GSEA bubbleplot#

bullkpy.pl.gsea_bubbleplot(df_gsea, *, pathways, comparison_col='comparison', term_col='Term', nes_col='NES', fdr_col='FDR q-val', comparison_order=None, drop_empty_comparisons=True, size_from='fdr', min_q=1e-300, size_min=10.0, size_max=350.0, fdr_floor=1e-50, size_clip_quantile=0.99, cmap='RdBu_r', center=0.0, vmin=None, vmax=None, figsize=None, row_spacing=1.0, col_spacing=1.0, row_height=0.32, col_width=0.32, dot_edgecolor='0.15', dot_linewidth=0.35, show_grid=False, group_label_rotation=90, xtick_rotation=90, title=None, save=None, show=True)[source]#

Bubble plot matrix for GSEA results.

Rows: comparisons (contrasts) Cols: pathways (terms) Color: NES (diverging, centered at center) Size: -log10(FDR q-val) with floor & optional clipping

pathways can be:
  • dict: {“Immune”: [term1, term2], “Metabolism”: [term3]}

  • list: [term1, term2, …]

Bubble-plot matrix for GSEA results across multiple comparisons (contrasts).
Each dot encodes enrichment direction/strength and significance for a given (comparison × pathway).
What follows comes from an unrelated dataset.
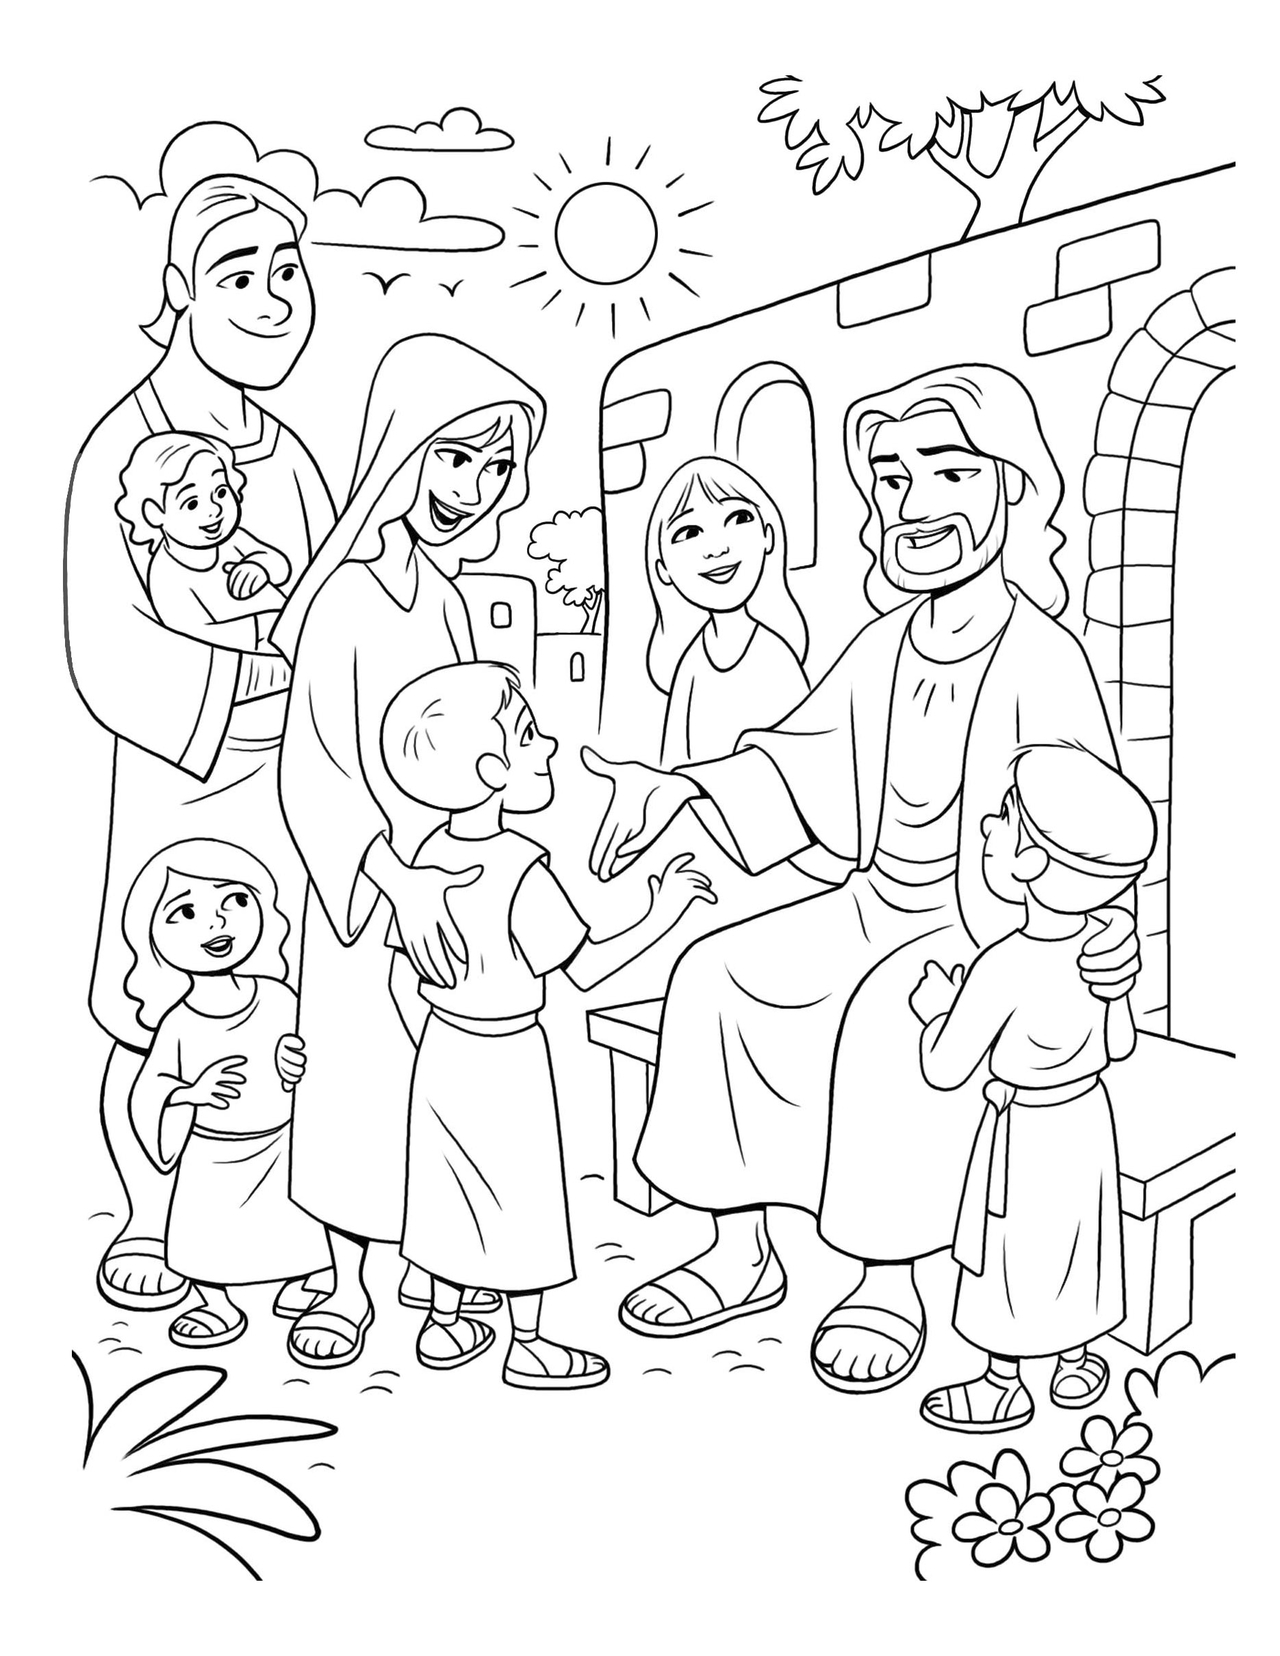 Christ Meeting the Children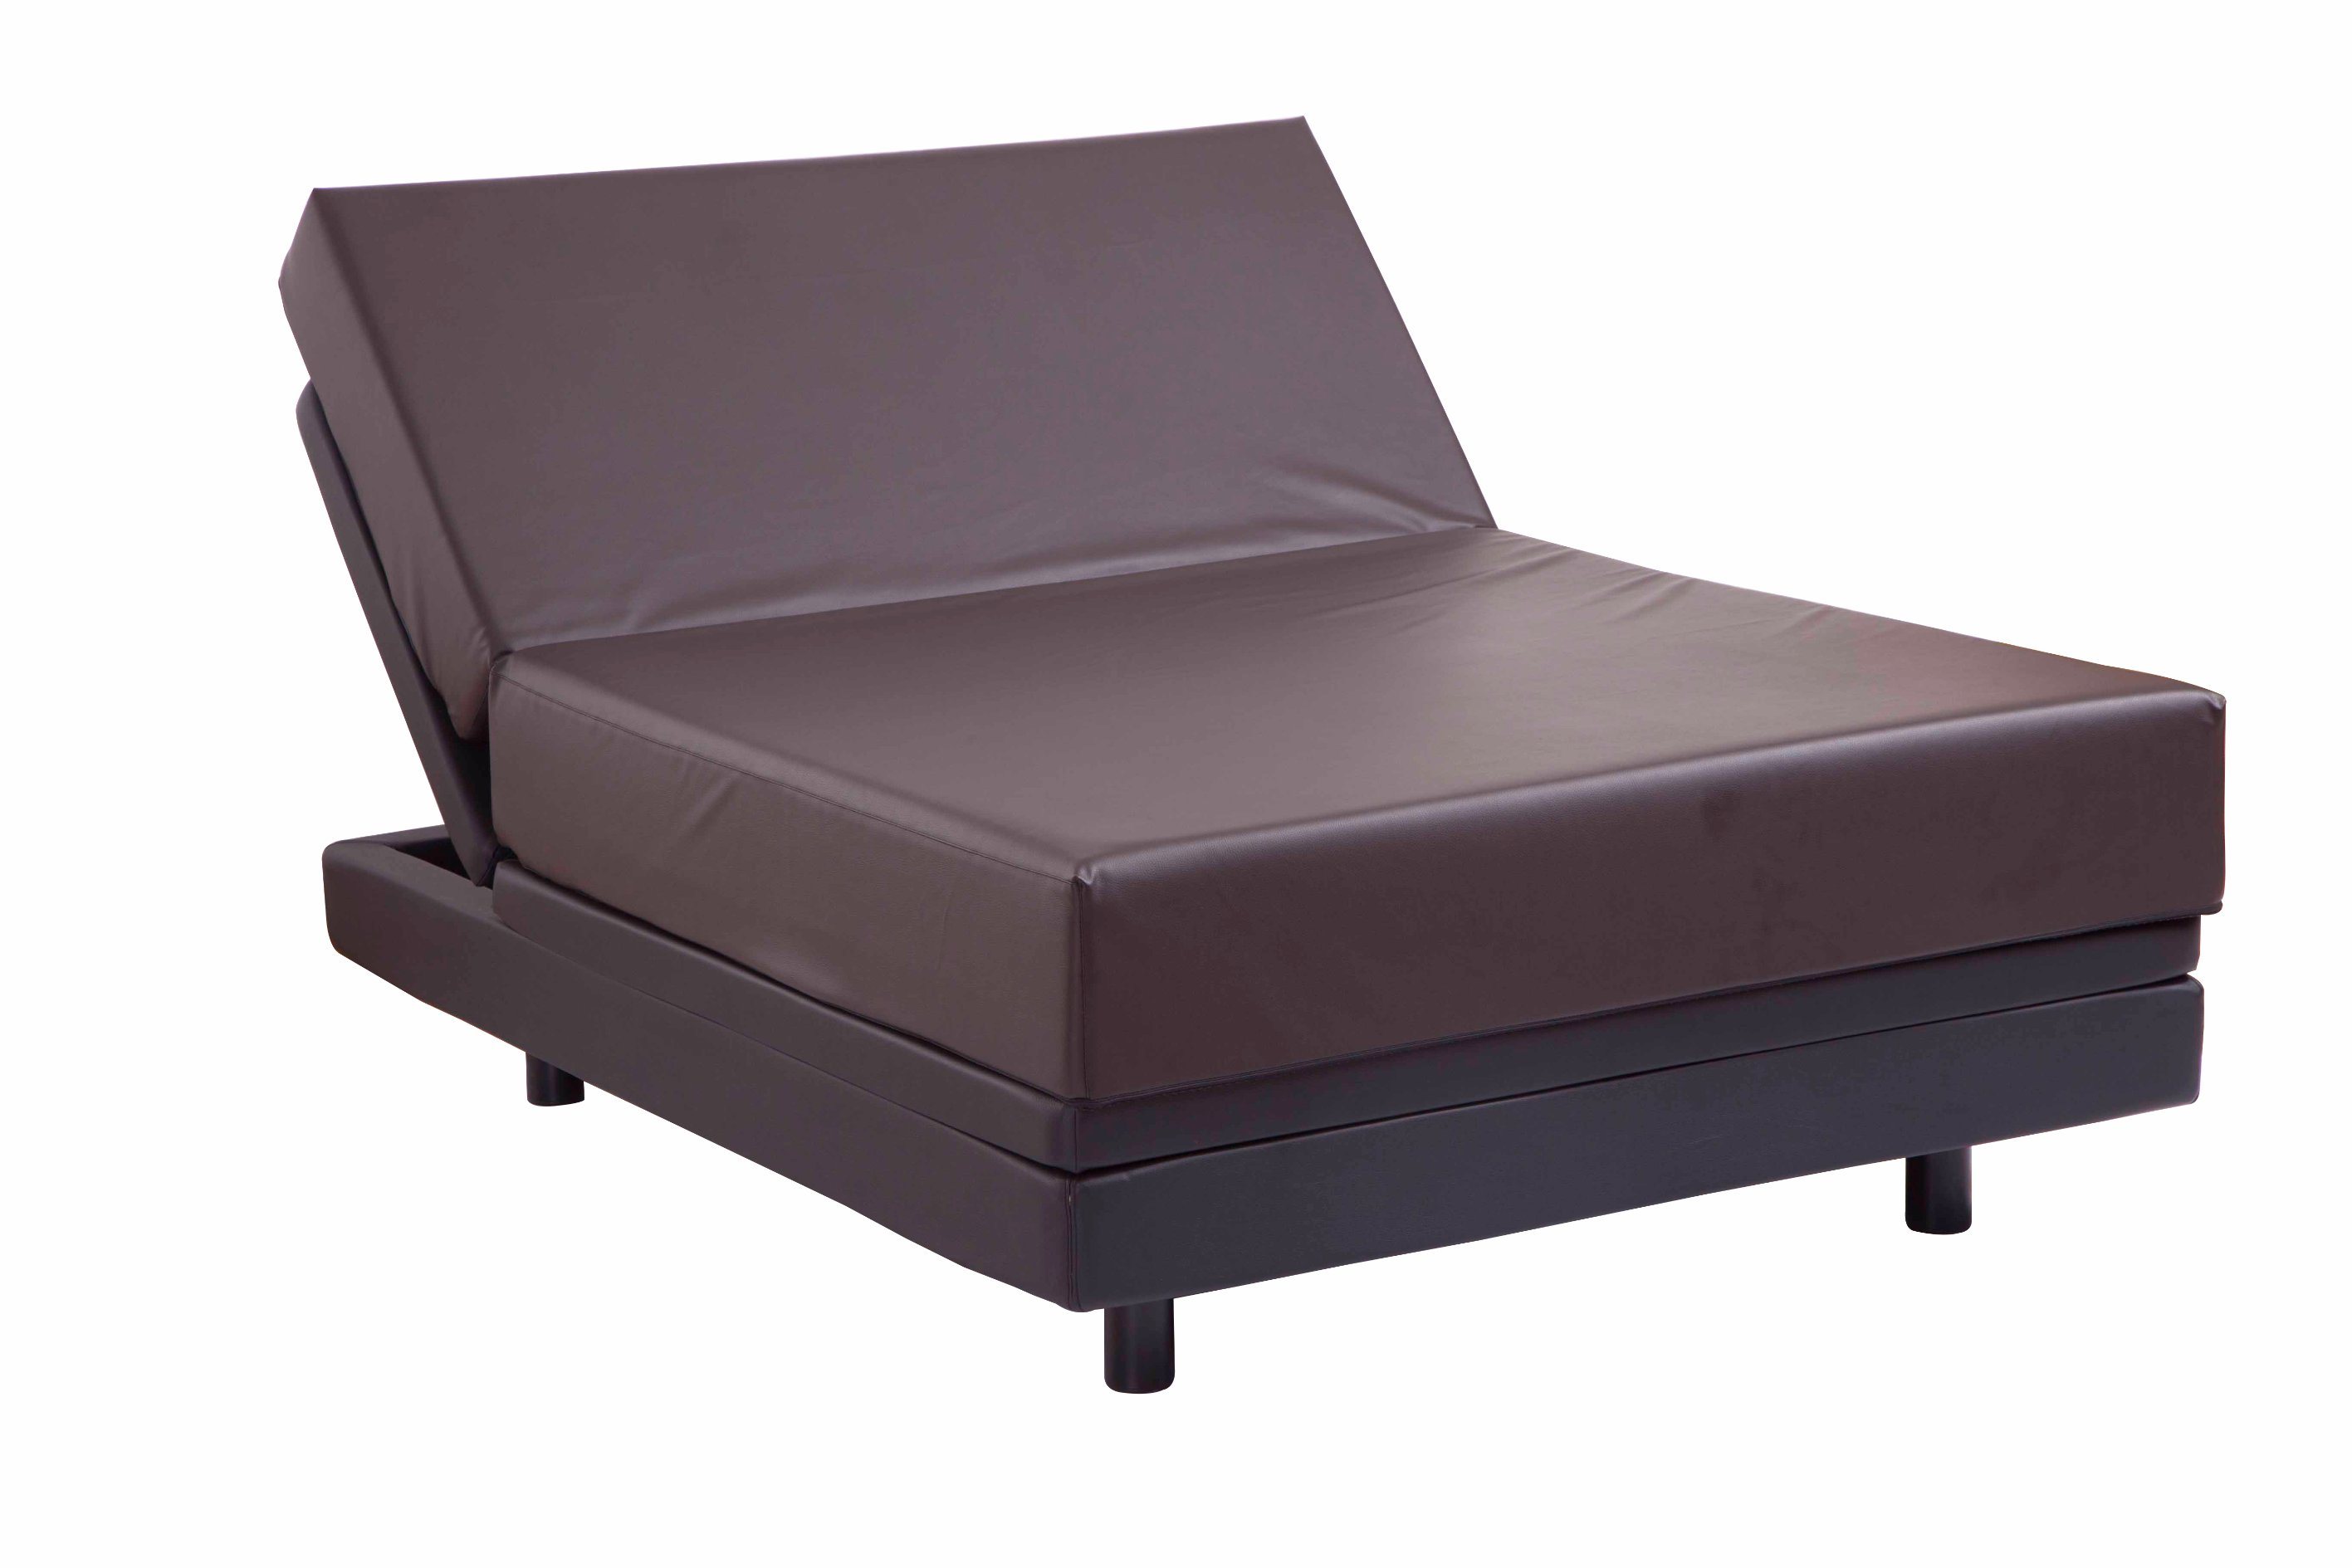 Home Furniture Cinema Entertainment Massage Adjustable Bed

  • Rows: comparisons (e.g., contrasts like "Basal_vs_Luminal")

  • Columns: pathways/terms (e.g., Hallmark sets)

  • Color: NES (diverging colormap, centered at center)

  • Size: -log10(FDR q-val) with a floor and optional clipping

GSEQ bubbleplot

Example GSEA bubble plot

Expected input#

df_gsea

A tidy GSEA results table (often concatenated across contrasts), containing at least:

  • comparison_col (default: “comparison”)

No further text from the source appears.